Tuesday, May 7, 2024
Some responses to Anthony Annett on Social Democracy and Catholic Social Thought
A little while ago, Anthony Annett had an essay in Commonweal called "The Theology of Social Democracy," the thesis of which was that "Catholic social teaching guides us beyond neoliberalism." Put aside doubts one might have about whether "neoliberalism" has agreed upon content or is, instead, a protean epithet used to dismiss all views that have some consonance with human nature and experience; it is certainly the case that Catholic social teaching (correctly understood) guides us beyond "-isms" generally.
By "social democracy" Annett means "an economic system predicated on the belief that an economy must be underpinned not only by property rights but also by economic rights. More concretely, in a social democracy, the government supplies public goods, uses the welfare state to protect people from adverse economic circumstances, and promotes unions to make sure that workers can bargain for their fair share of economic progress." Fair enough. It is not controversial, even in the most "neoliberal" crannies of the Catholic intellectual and scholarly space, to note that the Church's proposals regarding the policy implications of the truth about the human person resonate with at least some aspects of "social democracy" and challenge some aspects of its alternatives. It is true, as Annett writes, that the "Catholic social teaching forged a middle path between free-market libertarianism and socialist collectivism" (and, to be clear, statism). There is much in Annett's essay about the "common good", "subsidiarity" (which is often misunderstood), and "integral human development" that is both timely and sound.

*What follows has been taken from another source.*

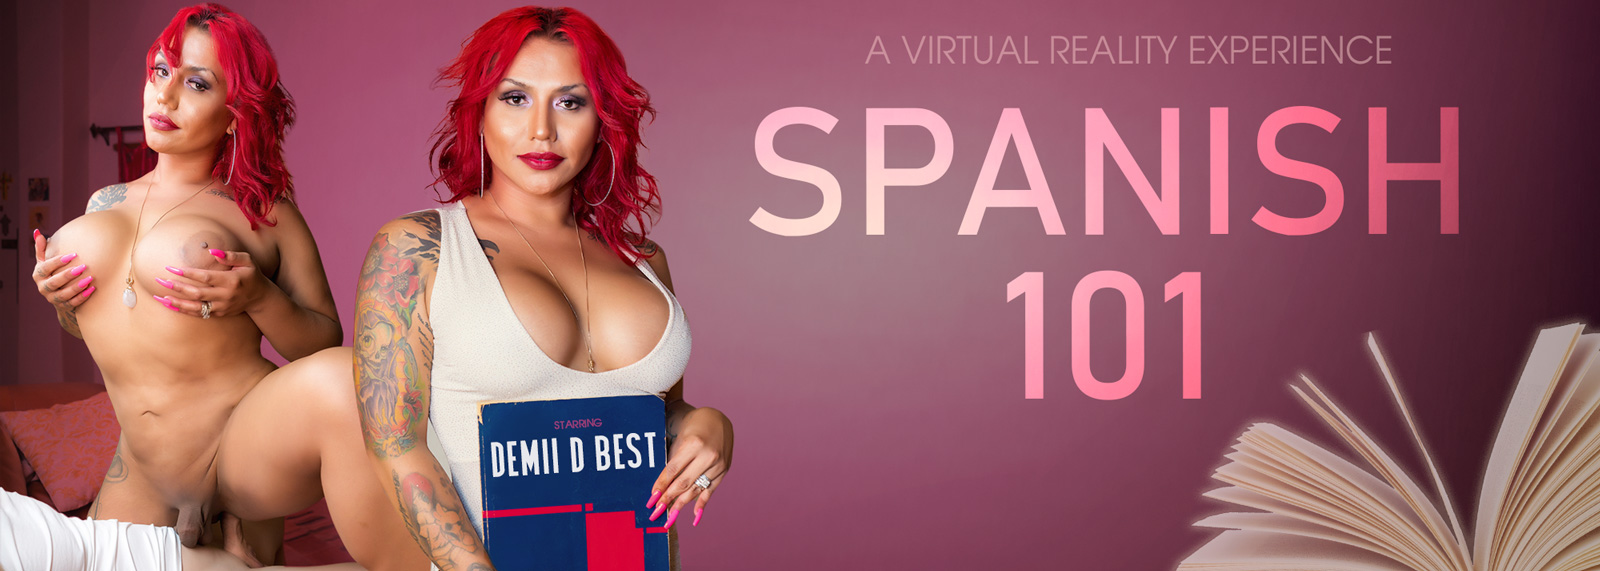 Spanish 101 - VR Porn Video, Starring: Demii D Best VR

But, Annett's piece is undermined by a lot of straw-manning and factual mistakes. He writes, for example, "[Social democracy] can be contrasted with the approach of free-market economics or economic libertarianism. Under those two systems, the only rights recognized are property rights. A free-market system might allow for a minimal social safety net to prevent outright destitution, but nothing more than that." But, there are no "systems" in the world where "the only rights recognized are property rights." And, there are no market economies that provide "nothing more than" the minimal social safety net he describes. There are no economic systems -- certainly, despite Annett's suggestions to the contrary, the United States is not such a system -- where the "free market" is not pervasively regulated. Indeed, the economic system in the United States is acknowledged by those who examine the matter to be, in many ways, more regulated than the systems in some countries that Annett would characterize, I suspect, as "social democracies."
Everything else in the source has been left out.